Это как чудо, и я позабываю, что у меня немеют и стынут ноги, и минутами путаю, да снится ли мне эта солнечная Эллада, ее великие герои и битвы за свободу, или я вправду где-то в толпе на шумной городской площади слушаю полную величия и благородства мудрую речь, обращенную к народу, и только снится мне какая-то девчонка, у которой отмерзают ноги и дрожит душа от восторга и холода, когда она слушает: "Вперед, сыны Эллады! Спасайте родину, спасайте жен, детей своих, богов отцовских храмы, гробницы предков! Бой теперь за всё!.."

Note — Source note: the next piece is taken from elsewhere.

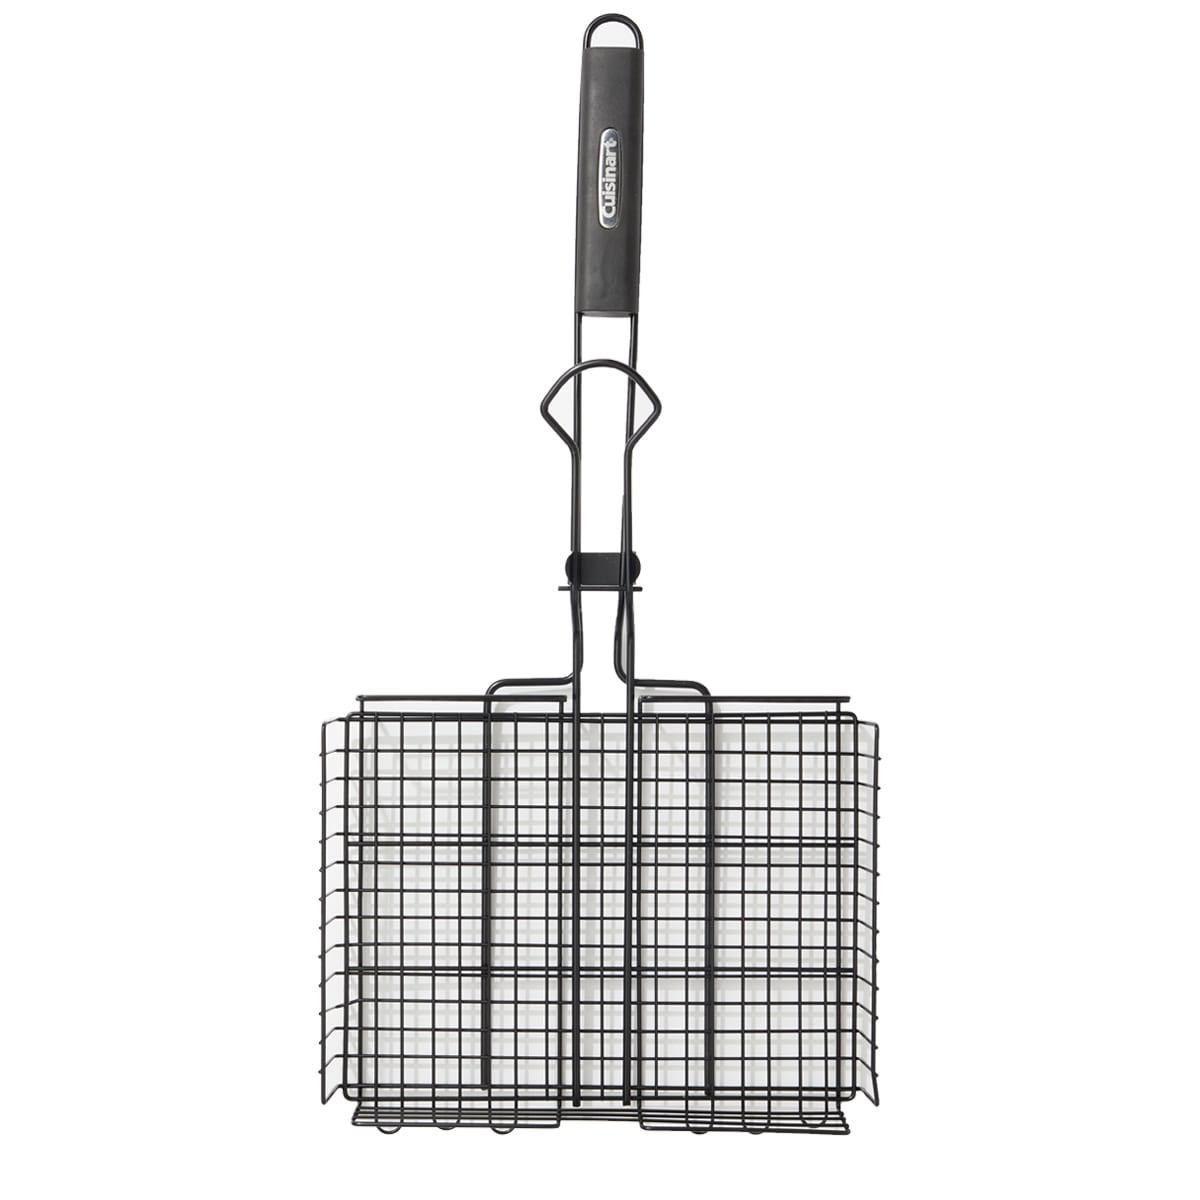 Cuisinart® Non-Stick Grilling Basket

Почему я чувствую такую кровную, неразрывную связь со всем этим? Нет, и не кровную, а больше - какую-то общелюдскую связь тех времен со всем, чем живем мы эти первые годы революции?.. Я очень мало чего знала, и мне на всю жизнь запало в душу первое, что узнала, радостно ошеломило восторгом, что вот давно-давно уже люди начали борьбу, такую похожую на нашу, будто она наша общая... Не одинаковая, но общая, вот уже столько тысяч лет разгорается по всей Земле...

Гремя отодвигаемыми скамейками, толпясь у выхода, закуривая на ходу, расходятся красноармейцы из комнаты клуба в старинном толстенном крепостном здании. Рядом со мной остается только несколько человек, у кого есть еще вопросы о Парижской коммуне. Мы последними понемногу подвигаемся к двери. Мы знакомы, я не в первый раз у них читаю, поэтому они уважительно меня называют на "вы" - как-никак я доклад читаю без бумажки, знаю, как там все произошло, и на вопросы могу отвечать, как будто сама там была и только вспоминаю подробности. Но на ученого "специалиста" я до того не похожа, что они то и дело сбиваются в разговоре на "ты". В особенности когда мы выходим после лекции во двор.

По крепостным дворам метет и крутит вьюга, через десять шагов уже еле просвечивает сквозь белую летящую пелену лампочка у входа в клуб.

Беглым шагом я спешу, низко пригибая голову, через крепостные дворы, мимо бастионов и казематов, мимо пустого собора с ангелом на верхушке шпиля, утонувшим в снежной вьюге. Но настоящая пурга меня подхватывает, только когда я выхожу из последних ворот на открытое место, к замерзшей Неве, на совершенно пустынный и бесконечный Троицкий мост.